If my understanding is correct, it would work somewhat like this:

  • Register a hook for WH_KEYBOARD_LL in order to catch all low level keyboard events before they get handled by windows shortcuts
  • Then (not actually then after registration, but rather constantly after program start) handle the incoming keyboard events from the event queue
  • Parse the events and track the key states in software
  • Check those key states against the list of registered hotkeys
  • Execute the configured actions if a match is detected (and somehow prevent the event from being further processed by windows)

This all sounds pretty cool and actually kinda doable. The main problem I see with this is, that we need the whole code with all the active hooks, event parsing, key state tracking and shortcut detection, even if it is only used for those special windows key shortcuts. That means we have two completely different systems that both register and detect hotkeys in completely different ways. One of them actually with more features. Also I assume the SetWindowHookEx requires admin privileges, so we can't even just fully replace the RegisterHotKey system. One other point might be that the SetWindowHookEx approach likely increases the CPU usage a bit since we do more stuff in the application instead of letting windows take care of it. Although I believe the hooked keyboard events with the event queue is probably still pretty efficient and not a problem here.

Anyway, this is mainly me writing down my first thoughts about this. I'm not fully for or against this kind of functionality right now, I'll have to think about it a bit more. It might be an option to extend the crate to provide different selectable hotkey backends (RegisterHotKey / SetWindowHookEx).

I'd also enjoy your thoughts on the points I rambled on about if you have any.

dnlmlr avatar May 01 '24 23:05 dnlmlr

Also I assume the SetWindowHookEx requires admin privileges, so we can't even just fully replace the RegisterHotKey system.

I don't think this is the case based on my testing with AHK and Win key binds which use the hook method; I haven't had to run as admin to get the functionality working.

One other point might be that the SetWindowHookEx approach likely increases the CPU usage a bit since we do more stuff in the application instead of letting windows take care of it.

This is definitely worth benchmarking and taking into consideration; I saw a similar increase in CPU usage when I implemented a custom focus-follows-mouse feature vs. the built-in (but overly sensitive) Xmouse controls.

The main problem I see with this is, that we need the whole code with all the active hooks, event parsing, key state tracking and shortcut detection, even if it is only used for those special windows key shortcuts.

That means we have two completely different systems that both register and detect hotkeys in completely different ways.

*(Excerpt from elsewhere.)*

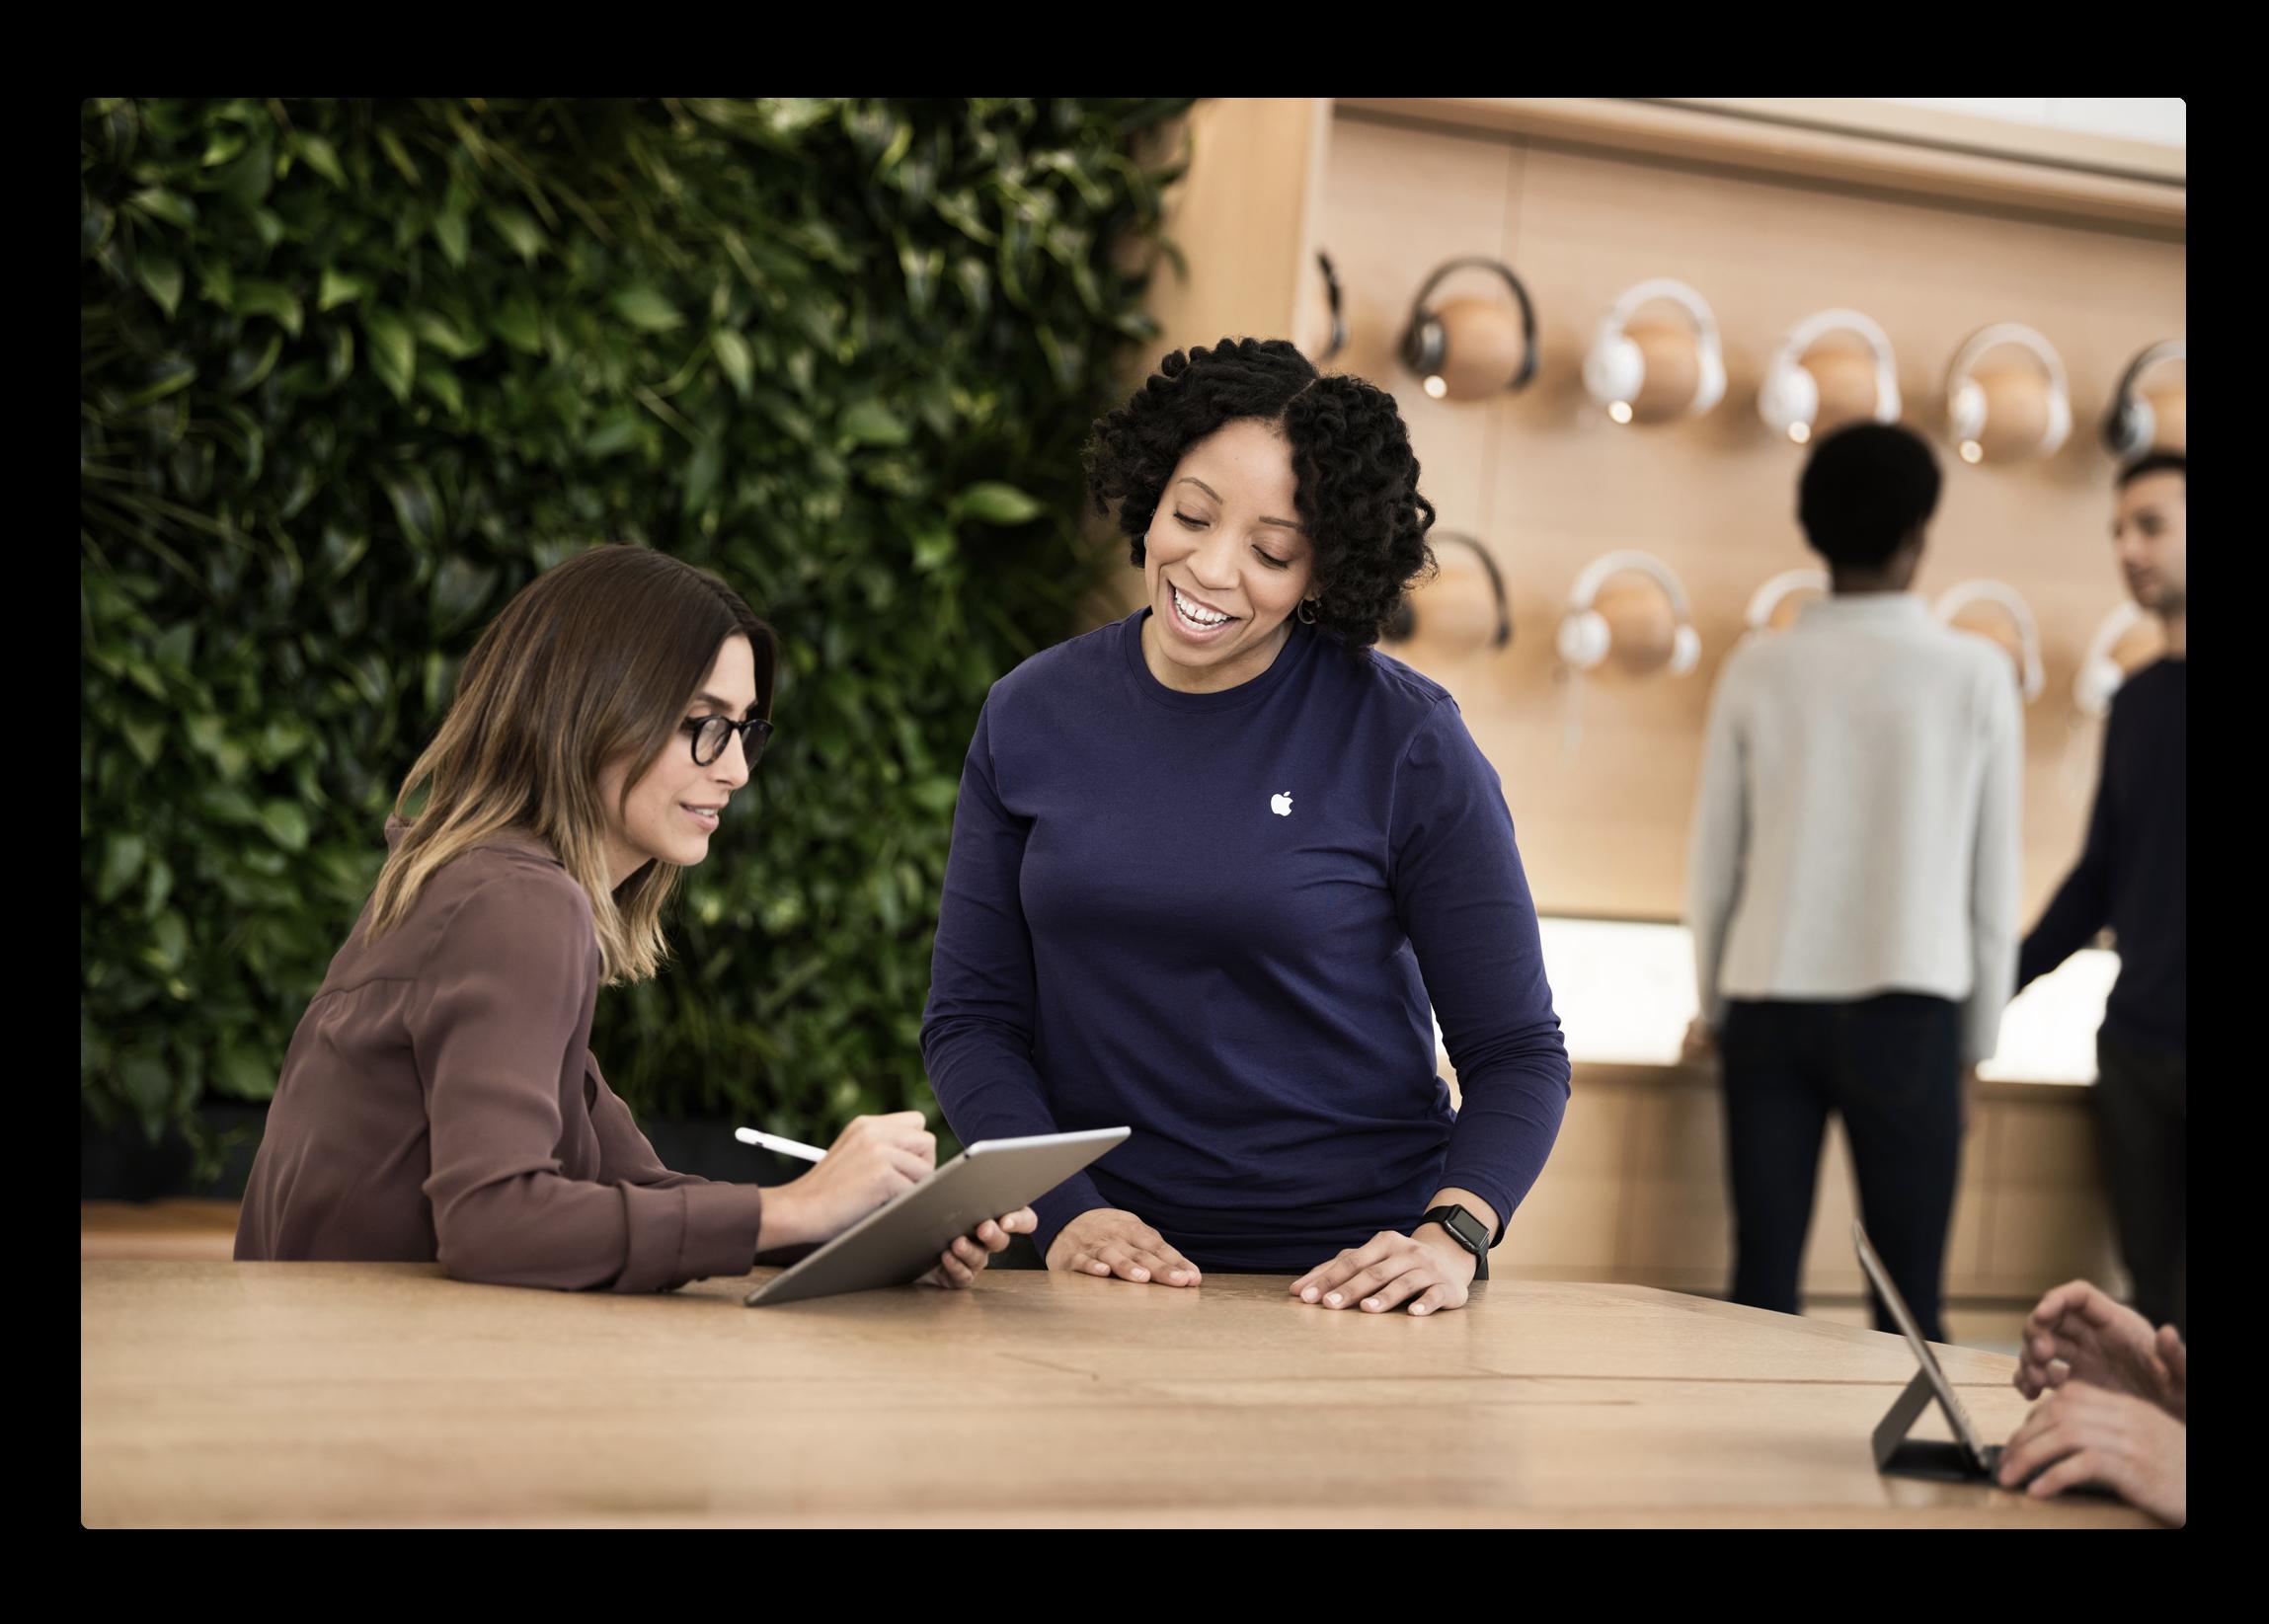 Apple、新しいWalletパスでビジネス購入プロセスを簡素化

It might be an option to extend the crate to provide different selectable hotkey backends

Maybe this could be treated as two different implementations with RegisterHotKey enabled in default-features and and the low level hook requiring no-default-features and an explicit opt-in?

Fully appreciate that this is a huge chunk of potential work not to mention the ongoing work of maintaining two separate implementations.